Monday, April 9, 2007

Nerd moment: history walking tours

Tonight after happy hour at Pizza Luce, Anne and I took a walk around Seward. In so doing, we discovered the Milwaukee Avenue Historic District. As if there wasn't already enough to love about Seward, it also contains this absolutely gorgeous 3 block long pedestrian mall with immaculately restored row houses. This pic stolen from the Minnesota Historical Society doesn't really do it justice so you'll have to take a look for yourself. According to MHS this is the earliest example of a planned workers' colony in the city. A Gather.com post explains the neighborhood was built before 1900 by the Milwaukee Railroad, and was nearly torn down in the 1970s, but residents and architecture buffs restored the area so it could be added to the National Register of Historic Places.

As for the nerd moment portion of this post, while digging for information on Milwaukee Avenue I found a website for summer walking tours hosted by the Minneapolis Heritage Preservation Commission. Looks like they run several a month starting in May. So, who's going a-walking with me this summer?

Sunday, April 8, 2007

I mean, who has time for underhanded plots nowadays?

I am generally suspicious of conspiracy theories. I just find it hard to believe a true conspiracy can be pulled off—people in power must be too busy with their real jobs to manage the details of a complicated ruse, technology makes it nearly impossible to hide transactions (whether written, spoken, or financial), and the press (while not what they used to be) are still digging up whatever dirt they can.

So I’m having trouble with the brouhaha surrounding Rachel Paulose, the new U.S. attorney in Minnesota. If you follow the Strib/McClatchy logic, former U.S. Attorney Tom Heffelfinger saw the writing on the wall and resigned before a wave of firings, prompting AG Gonzales and the Justice Dept. Cronies (great name for a band no?) to appoint Ms. Paulose his replacement (although this was somewhat botched), and her management style, lack of qualification, and affiliations indicate that she is part of a larger plot to steal the 2008 election.

But I have to believe that as wrong-headed as their politics might be, the Bush puppets appointees at the U.S. Justice Department cannot be as stupid as recent events make them appear. More importantly, I cannot believe that Karl Rove is using these morons as pawns in a multi-front assault on the integrity of state management of federal elections so he can swing the vote in 2008.
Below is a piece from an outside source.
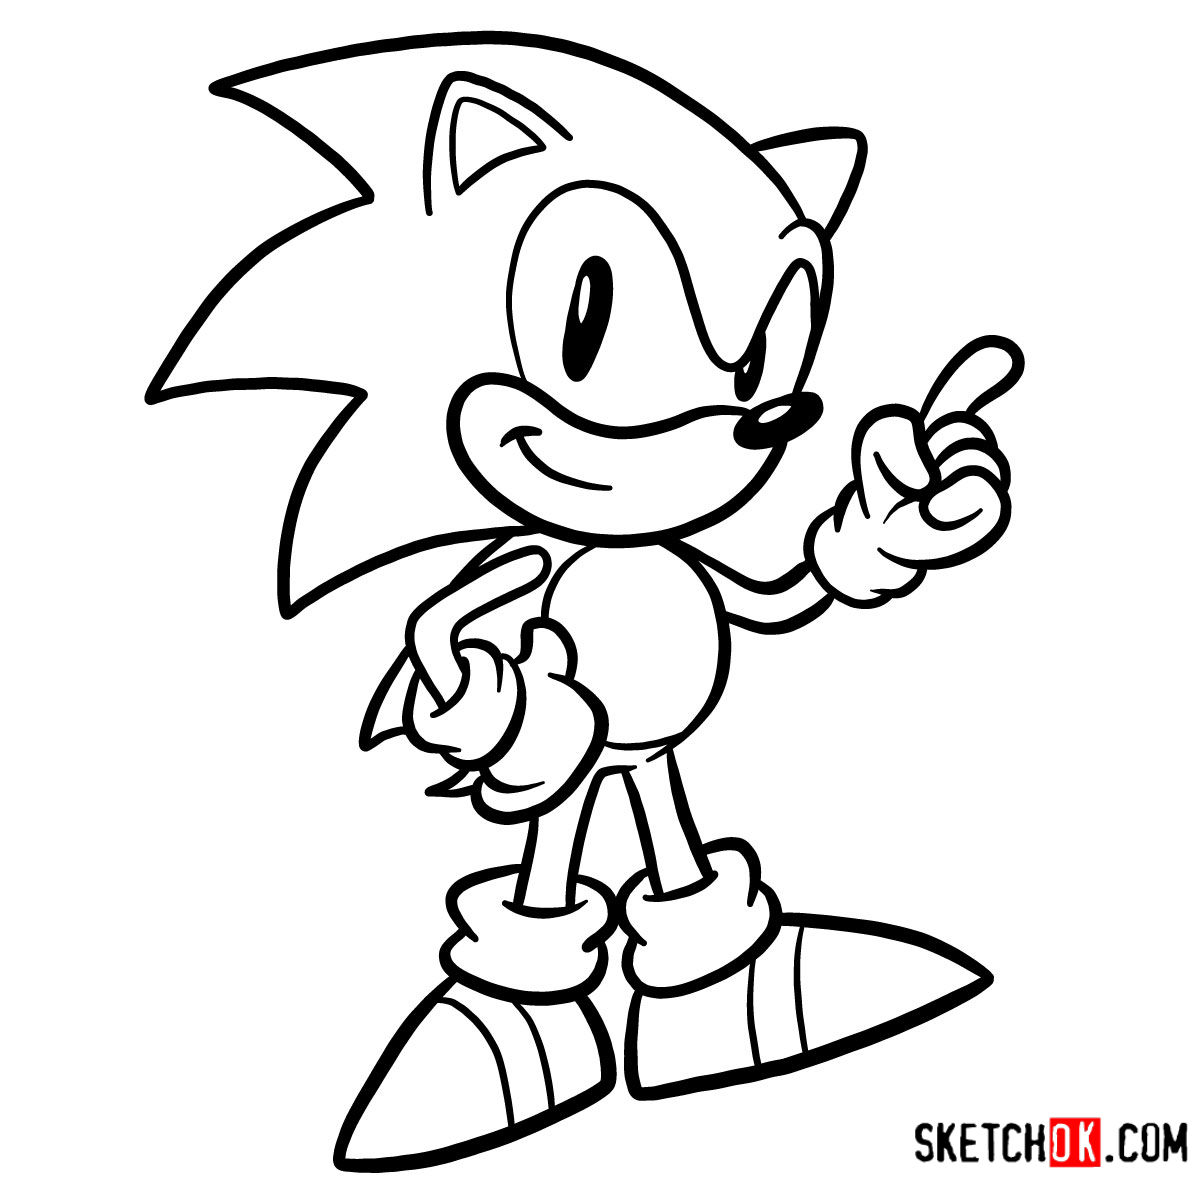 How to draw Sonic the Hedgehog SEGA games style - Sketchok easy drawing  guides
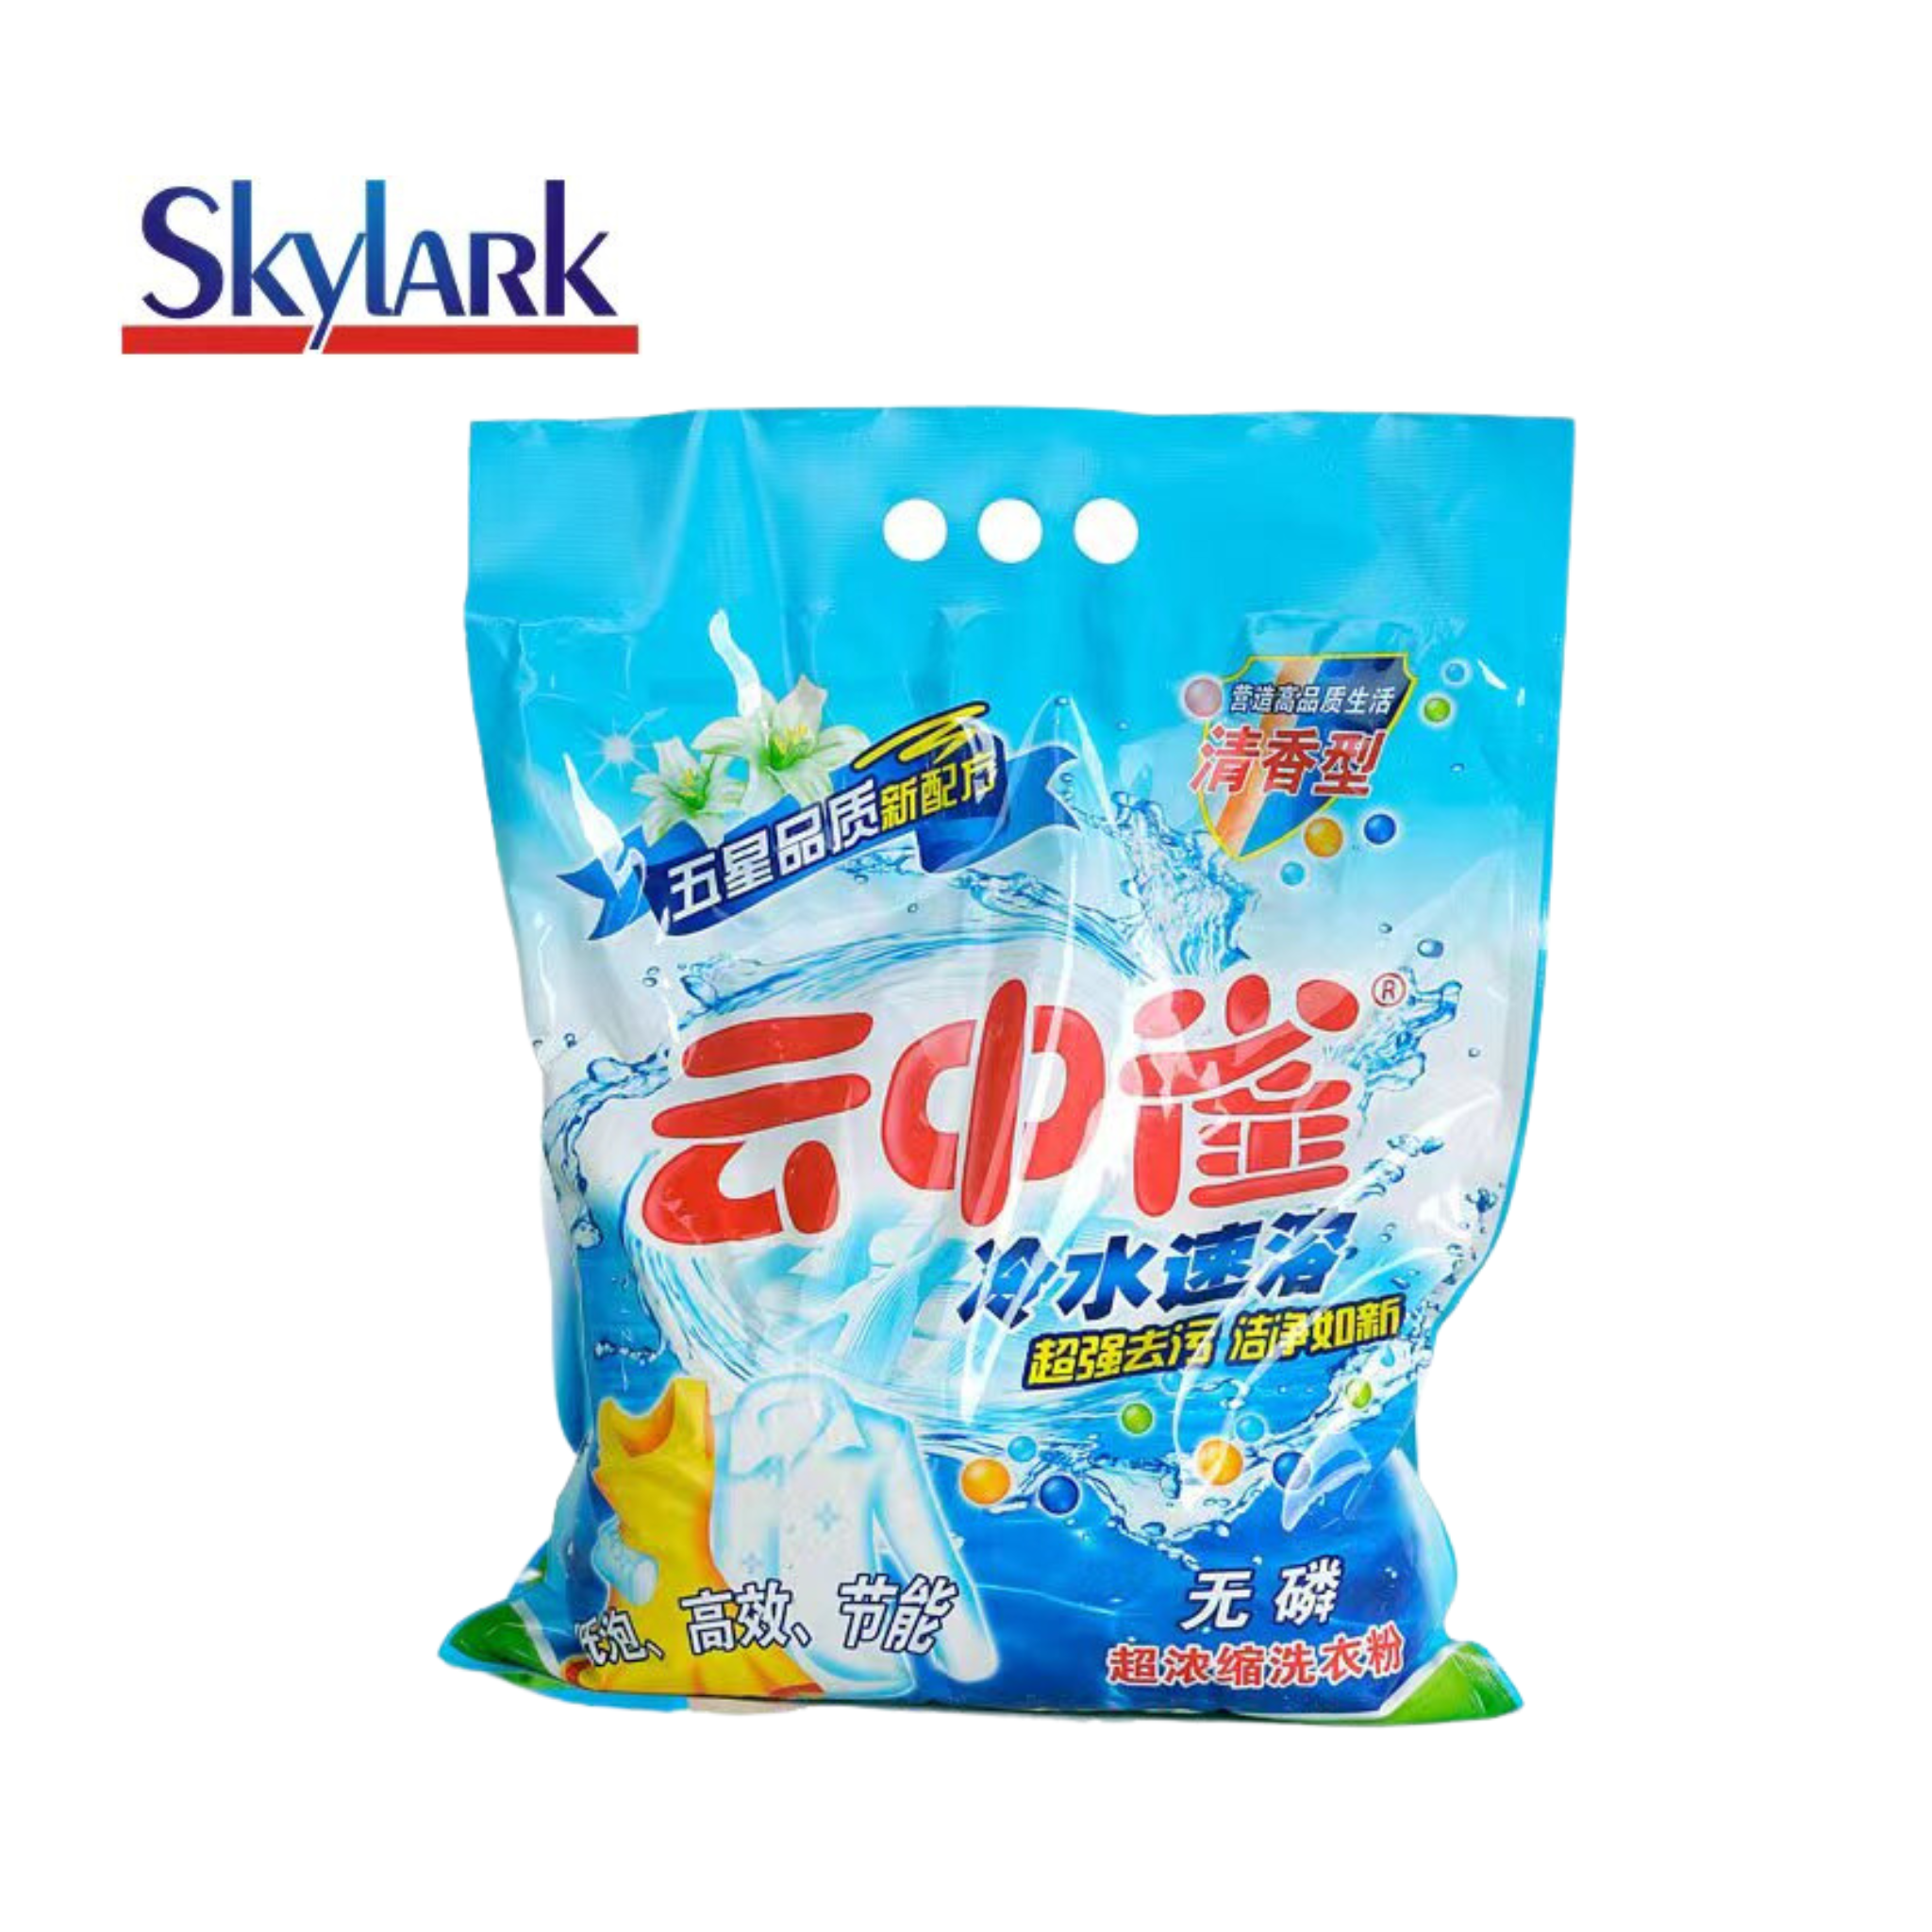 High Efficiency Lemon Scent Laundry Powder With Excellent Performance

What troubles me about the Paulose fiasco is this: if the Strib is getting even a fraction of the story right (and let's be honest, that could be generous to the Strib), it would seem that some kind of conspiracy is at work.

Tuesday, April 3, 2007

What the #$%@ is up with the USPS?

In honor of Anne's return to American soil, I had Chipotle for dinner today (sorry, man, I tried calling before I went). My local purveyor of burrito perfection is at the corner of Grand and Victoria. The trip gave me another opportunity to observe one of the stranger sights in St. Paul: a USPS mailbox painted like R2D2. Since this corner is also home to other budget ladies' fav lunch venues (Cafe Latte, Bread and Chocolate), I've had several chances to notice and be stymied by the box.

Tonight I finally decided to get to the bottom of this. I figured I'd go to the USPS website and dig around for awhile until I found the particular Star Wars-themed page that was mentioned on the box. Uh, no need to dig. Check this out: http://www.usps.com/. Does anyone else find it odd that they're tying ads for a supposedly futuristic movie series to the ultimate in outdated communication technology? Come on, George Lucas, you can do better than that.

Monday, April 2, 2007

NOT smarter than a 5th grader

I don’t need Fox to tell me that I’ve lost ground since 5th grade. Kids intuitively know:

  1. Working too hard = bad
  2. Running around = good

But me, well, I have to be hit over the head by it every once in awhile to remember. Since the people who suck the life out of me are on spring break, I actually had the opportunity (read: got off my lazy ass) to visit Bally’s for the first time in a good long awhile. I never feel good while actually jumping up and down like a moron on a plastic plank, but that first step out into the fresh air after working out is just perfection. It’s really too bad you have to do the whole jumping around part to get the moment of perfection. Perhaps that’s why we invented illicit drugs. Not being much of a recreational user, I’m stuck with my plastic plank.

Pure genius

In honor of James' informative comment, I have a little poll for you:

Best Dr. Seuss book ever?
Cat in the Hat
Green Eggs and Ham
The Lorax
Fox in Sox
Oh, the Places You'll Go
Horton Hears a Who
pollcode.com free polls

Keep in mind there is only one right answer, and it is Fox in Sox. That book rocks. If you're not cool enough to realize it, or even recognize the excellence of the other books on this list, you can look at the full catalog and submit write-ins.

Sunday, April 1, 2007

Did that happen?

I was driving west on County Road C about 6pm today when a pedestrian darted across the road. Yes, we all know that all manner of things jump out at or otherwise attack me while driving. In this case, the ped ran like a maniac across three lanes (which contained no vehicles) but then slowed to a walk in the fourth lane (occupied by my vehicle). I began the usual internal rant about obnoxious peds, until I got a closer look at this one. Although the rainy weather made it difficult to see, I swear the ped was a man dressed as a woman. But I'm not sure. It all happened pretty fast, but I have an image of teased hair blowing in a manner that makes me pretty sure it was a wig, seriously penciled eyebrows, and whole lot of makeup--but then some very manly jeans, and an indescribable coat--big, puffy white with some furry thing on top. What makes me think this was a figment of my imagination is the location. That stretch of road has a massive field on one side and a refinery on the other. There is no good reason for a person to be crossing the road there--cross-dressing or otherwise.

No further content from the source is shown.